Garlic Benefit #2: It Eases Inflammation
Certain compounds in garlic, especially allicin—an enzyme responsible for its pungent odor—can help ease inflammation, Smith says. They work by blunting the production of pro-inflammatory compounds and enhancing anti-inflammatory compounds, she explains.
That’s good news, considering some experts believe inflammation is a factor in virtually every disease and condition we face as we get older, from cancer to arthritis to diabetes.
One study from India found that people with type 2 diabetes who took garlic supplements along with their metformin medication for 12 weeks experienced a greater reduction of C-reactive protein levels—a marker of inflammation—than those who took metformin alone.
Taking an aged garlic supplement provides the highest concentration of bioavailable compounds, but studies have also shown that fresh garlic can provide subtle benefits. Just remember to allow fresh garlic to rest for 10 minutes before exposing it to heat.
Garlic Benefit #3: It Makes Cold Season Less Miserable
Garlic may not help you prevent a cold, but it could make your time with the bug a little less uncomfortable. A recent study in the Journal of Nutrition found that while people who took aged garlic supplements during cold season caught just as many colds as those who didn’t, they reported fewer symptoms and less disruption to their daily functioning.
“Garlic has shown to strengthen the activity of immune cells,” Smith says.
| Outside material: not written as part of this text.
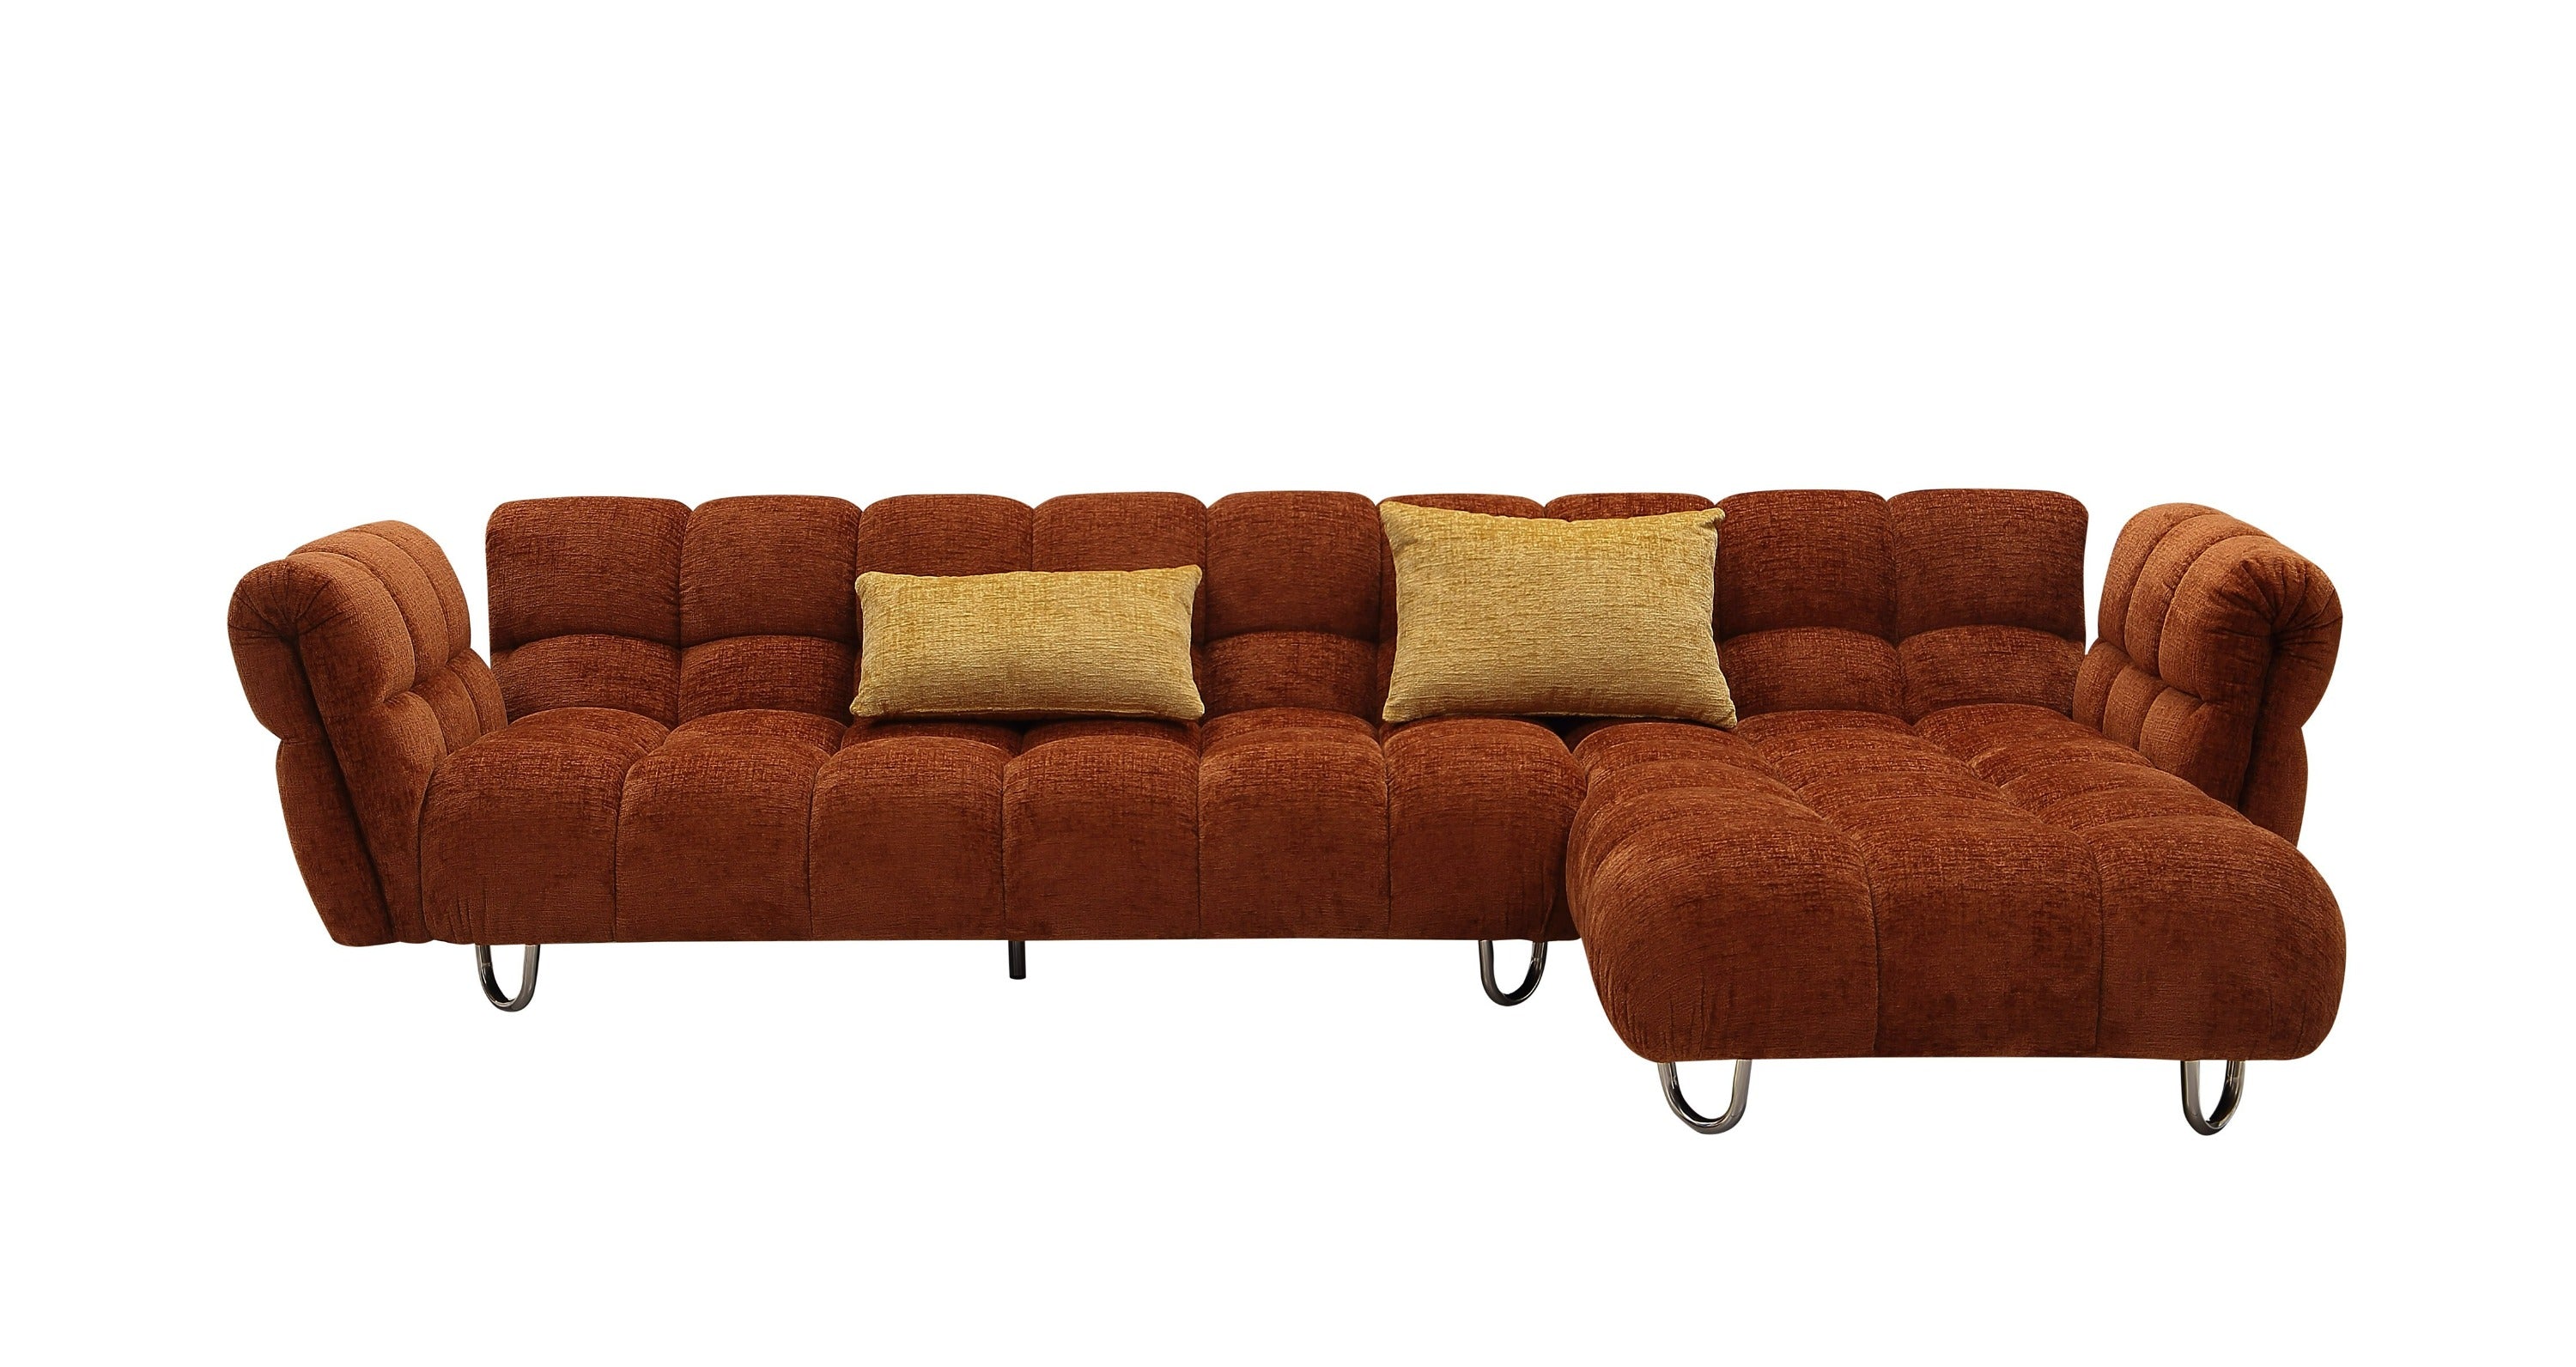 Vig Furniture Divani Casa Jacinda - Modern Burnt Orange Fabric Right Facing Sectional Sofa + 2 Yellow Pillows

In the aforementioned study, aged garlic allowed for better multiplication of natural killer cells, which help defend against viral infections.
Garlic Benefit #4: It’s Good for Your Joints
People who eat the most alliums—garlic and related foods like onions, shallots, and leeks—are less likely to experience osteoarthritis of the hip, according to a study in BMC Musculoskeletal Disorders.
The researchers believe the connection may be due to a compound in garlic called diallyl disulphide, which can inhibit the production of an inflammatory protein that damages cartilage.
Garlic Benefit #5: It May Help You Lose Weight
A common mistake people make when trying to lose weight: They forget condiments can be calorie bombs. Many store-bought sauces and dressings are also packed with added sugars and fat. Garlic, on the other hand, provides a much bigger bang for your calorie buck.
Just two tablespoons of Hidden Valley Ranch Dressing, for instance, will set you back 140 calories and 14 grams of fat. And the same amount of Kraft Honey Barbecue Sauce delivers 12 grams of sugar, which is nearly half of the recommended daily limit of added sugars for women, according to the American Heart Association.
Two cloves of garlic come in at less than 10 calories, making them the better choice for packing in flavor without packing on pounds. “A little goes a long way,” says Smith. To easily add garlic to recipes, she recommends investing in a good garlic press.
Beyond this simple substitution, one Korean study found a promising connection between garlic and weight control. Researchers fed mice a fattening diet for eight weeks to plump them up, then served them the same diet supplemented with 2 percent or 5 percent garlic for another seven weeks.
The addition of garlic reduced the mice’s weights and fat stores—the more garlic, the bigger the weight reduction. It also lessened the effects of the unhealthy diet on their blood and liver values.